### [YOUR INSTRUCTIONS]
Without the images, reproduce every entry exactly.
--- MATERIAL FOR THIS TASK Enclosed Below ---
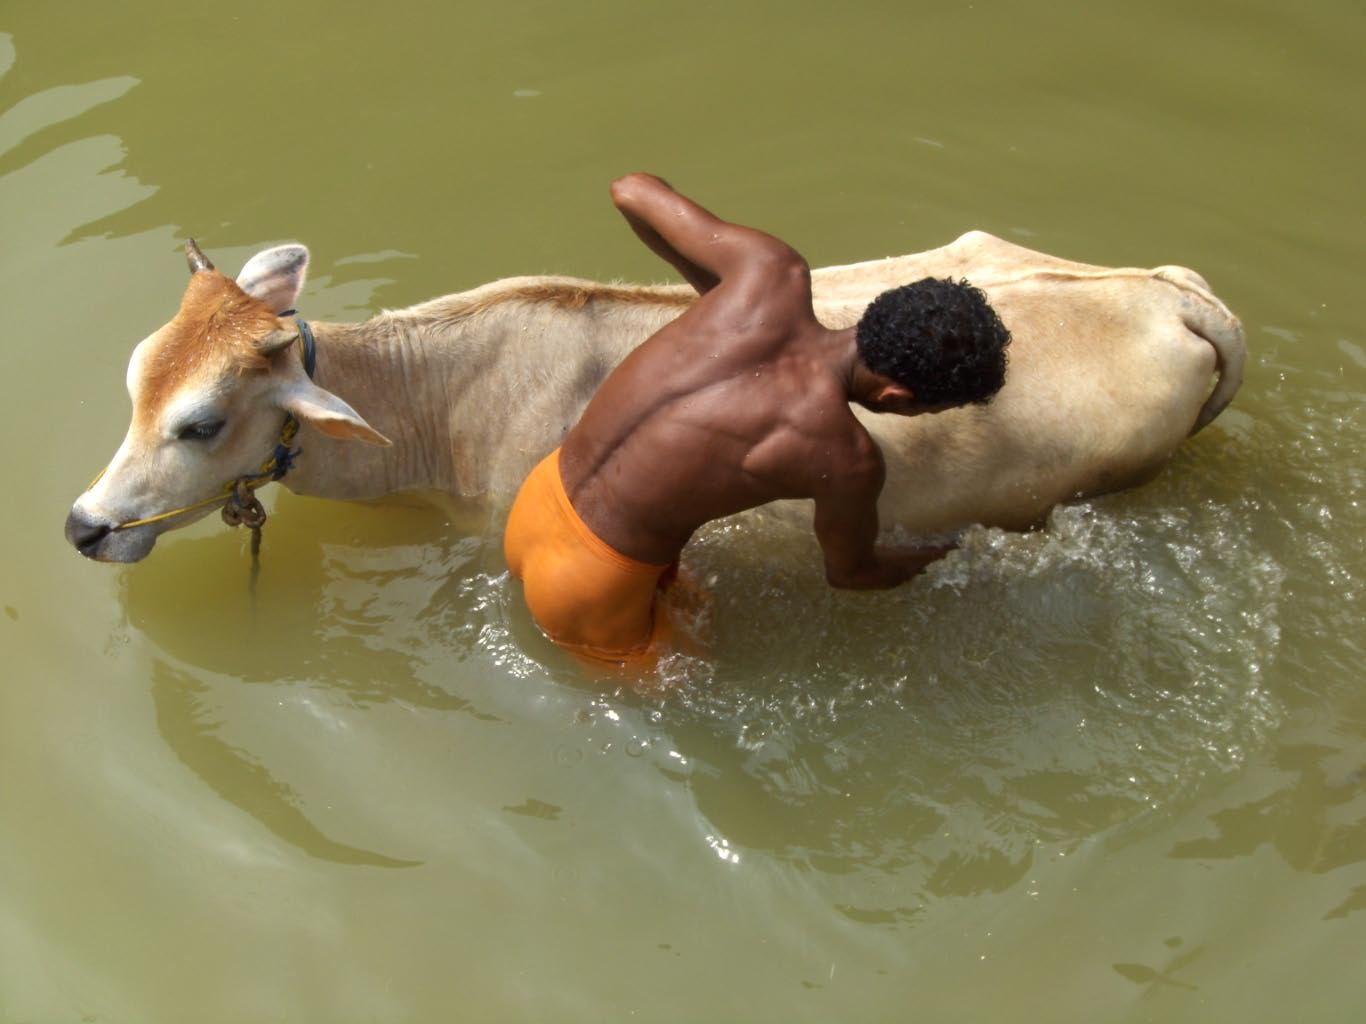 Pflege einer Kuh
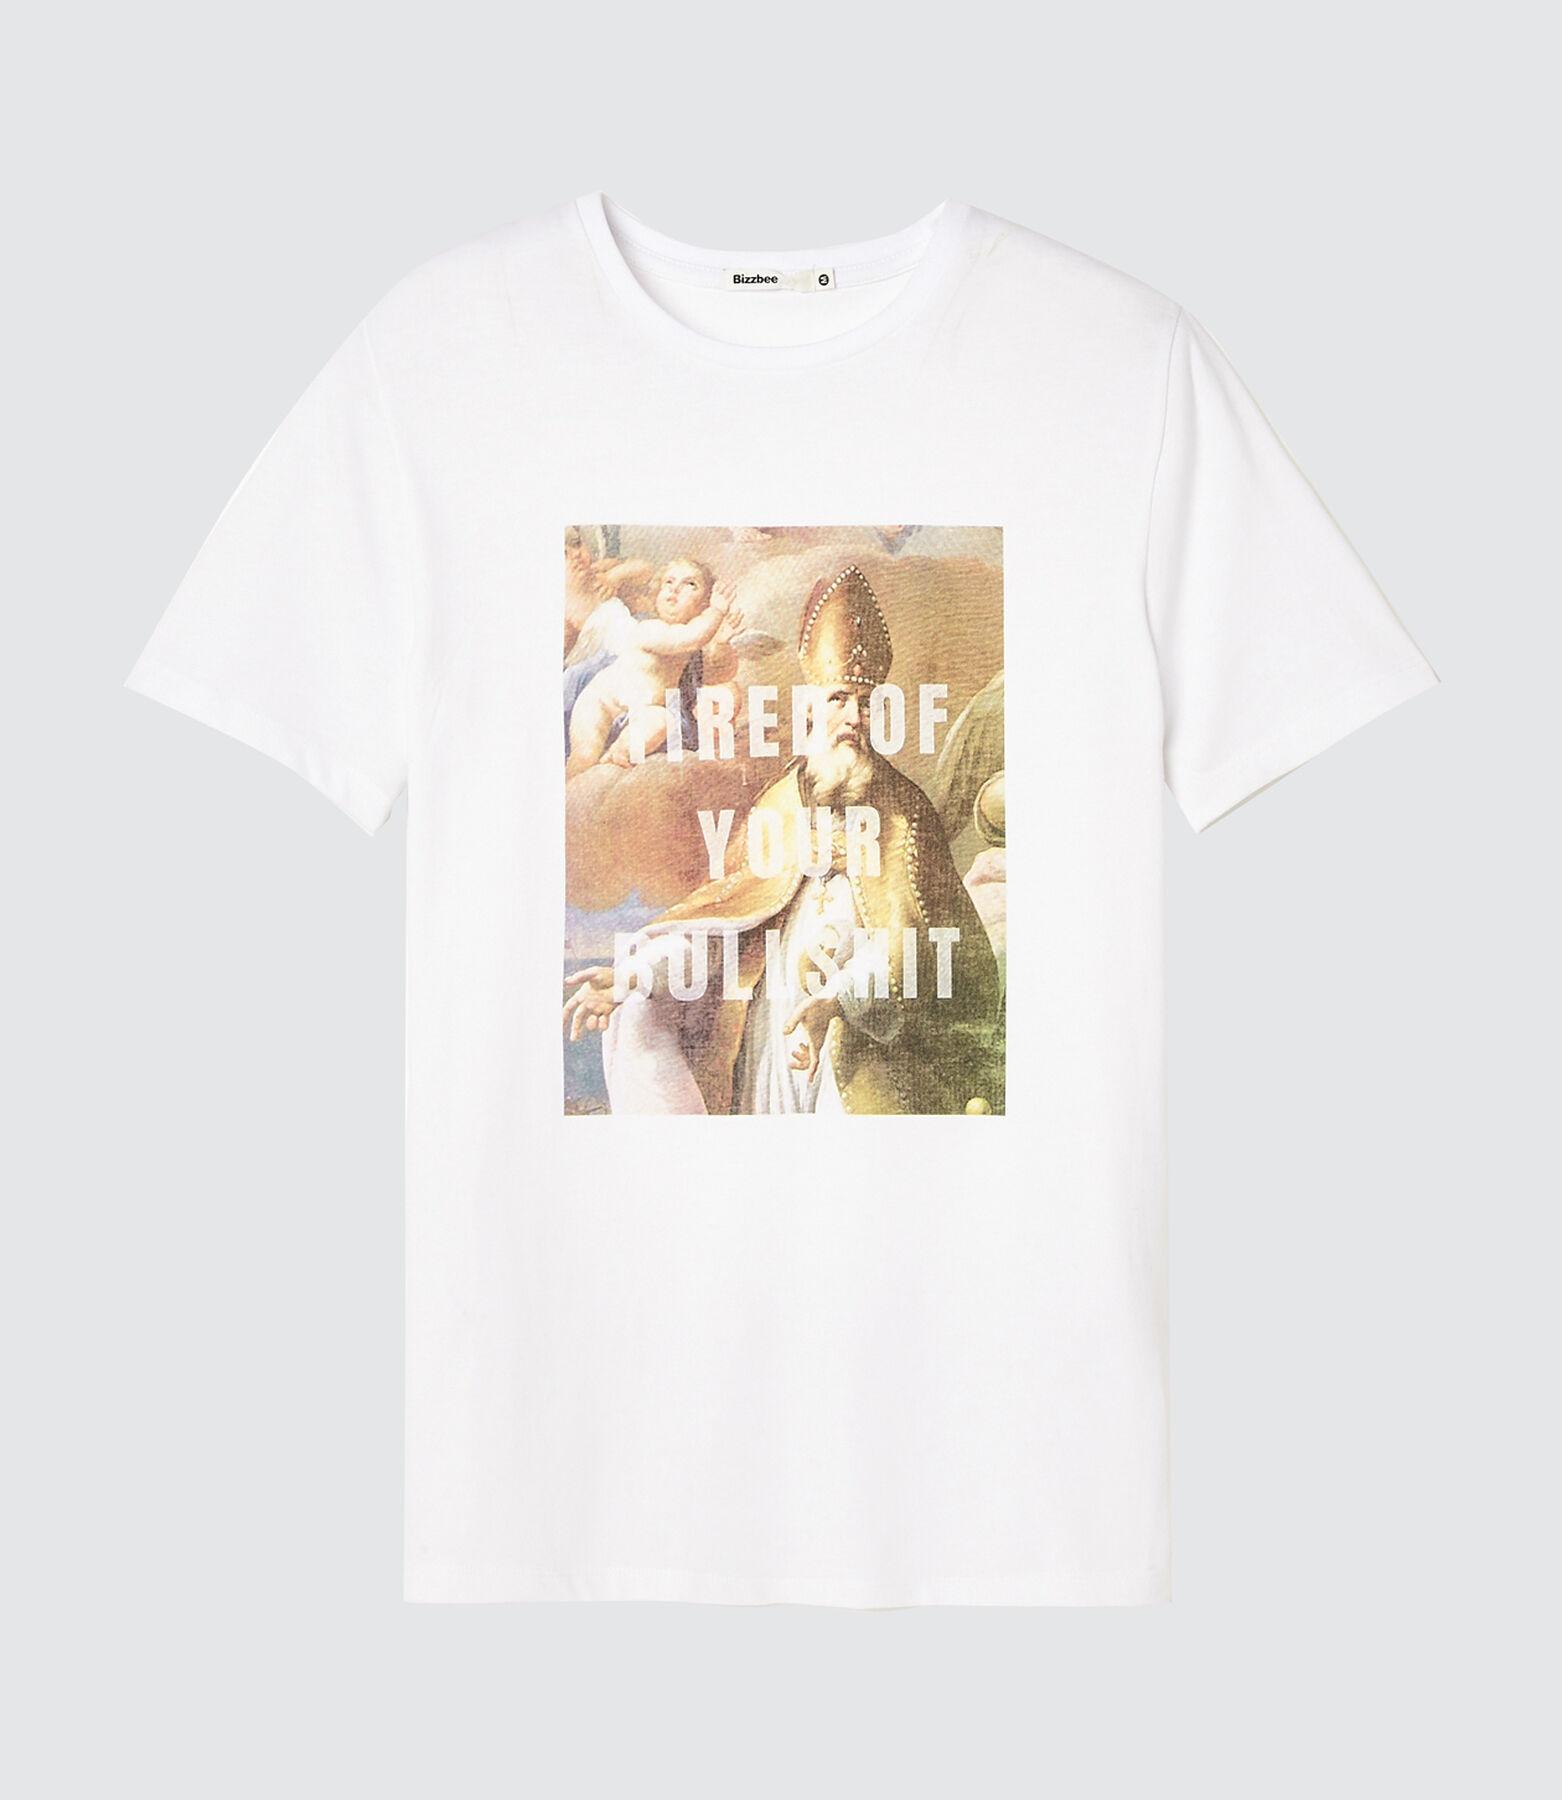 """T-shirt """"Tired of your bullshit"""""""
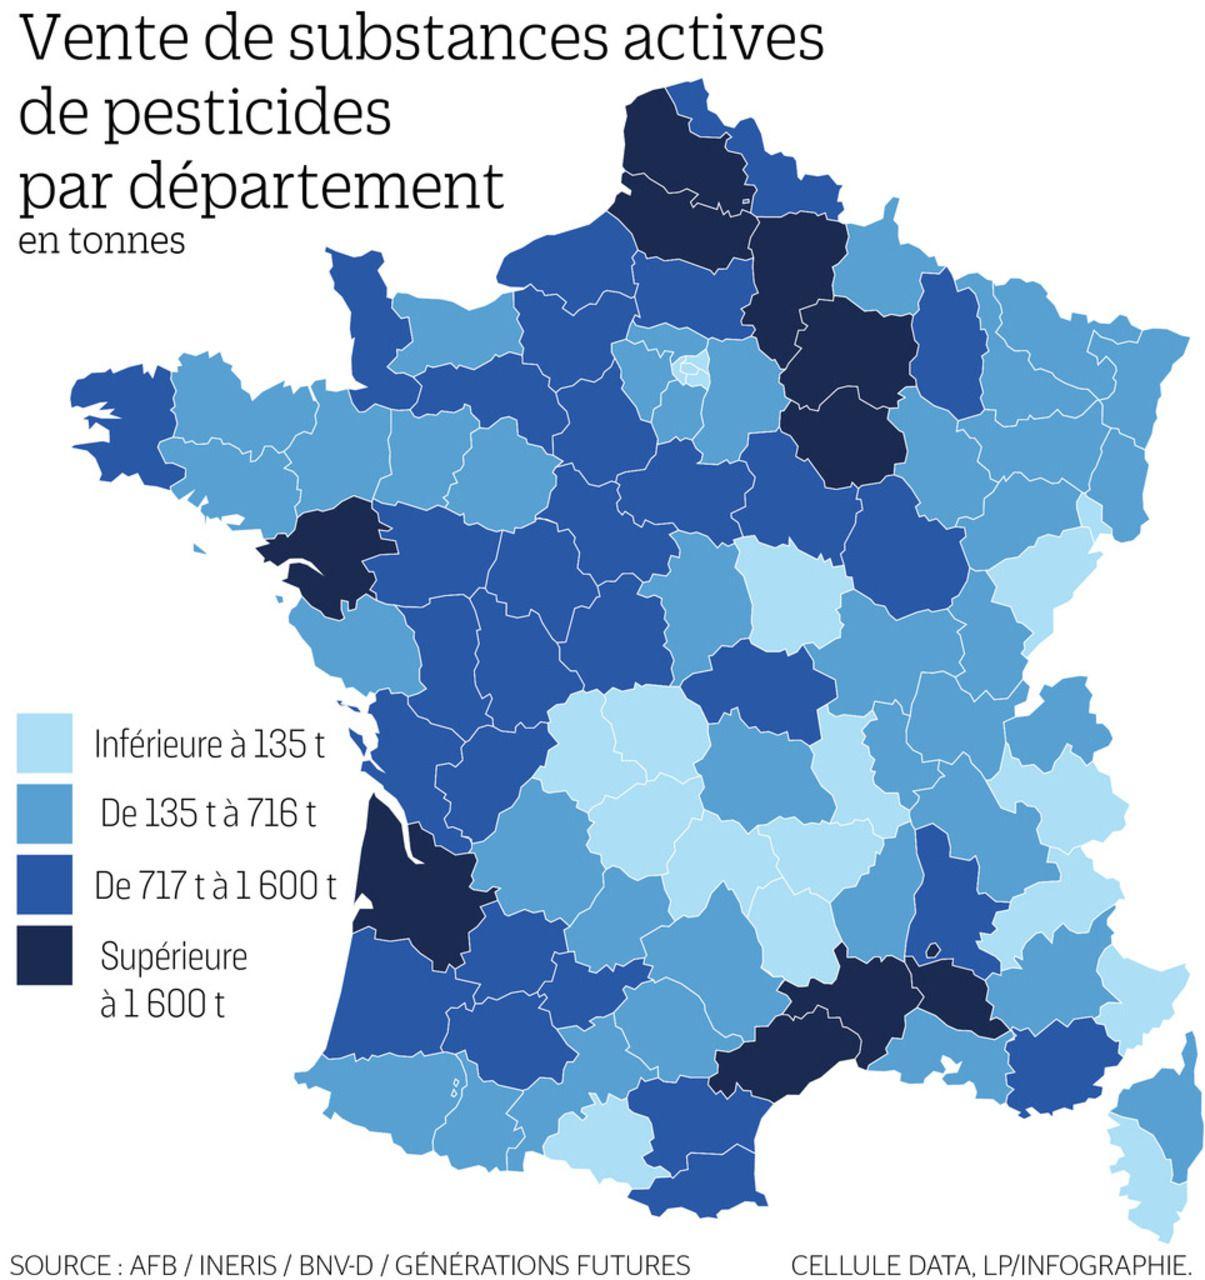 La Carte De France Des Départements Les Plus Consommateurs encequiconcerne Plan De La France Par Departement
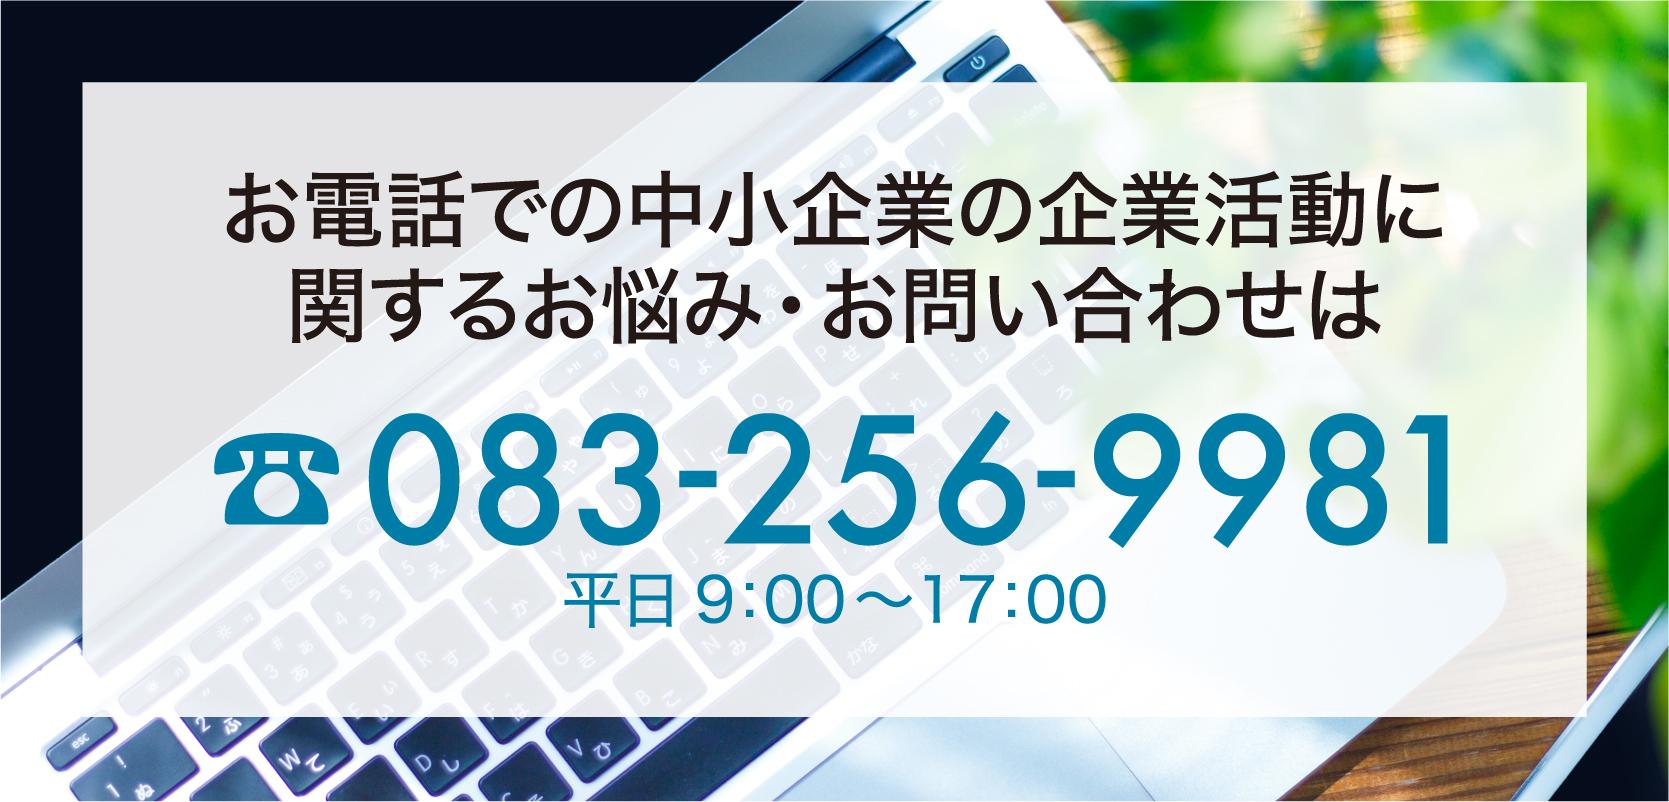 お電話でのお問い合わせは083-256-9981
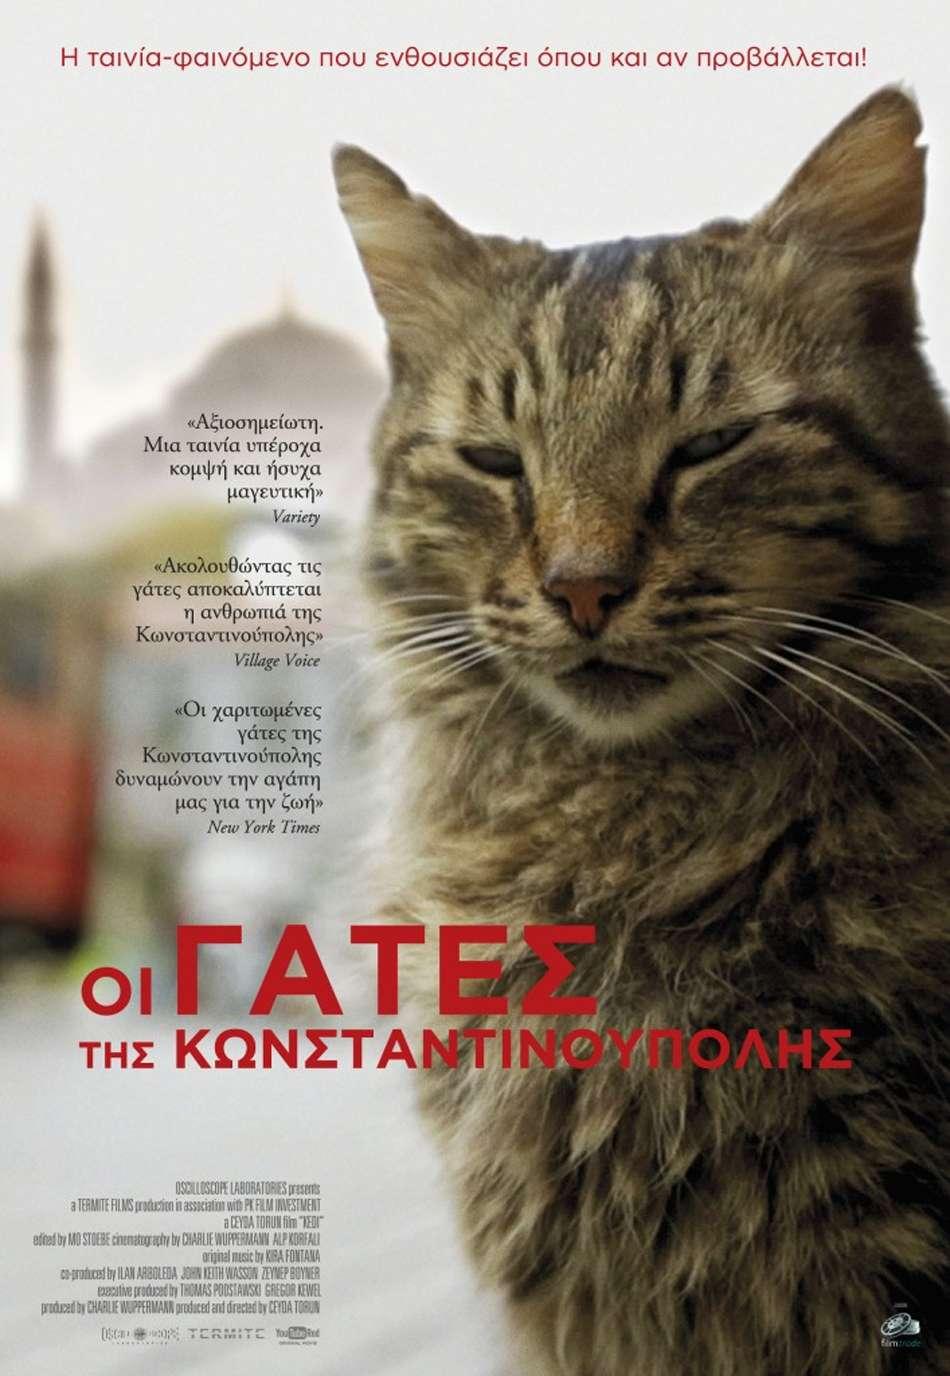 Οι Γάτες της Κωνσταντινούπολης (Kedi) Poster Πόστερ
--- End of Enclosed MATERIAL FOR THIS TASK ---
### [ANSWER BOX]
 Pflege einer Kuh
 """T-shirt """"Tired of your bullshit"""""""
 La Carte De France Des Départements Les Plus Consommateurs encequiconcerne Plan De La France Par Departement
 お電話でのお問い合わせは083-256-9981
 Οι Γάτες της Κωνσταντινούπολης (Kedi) Poster Πόστερ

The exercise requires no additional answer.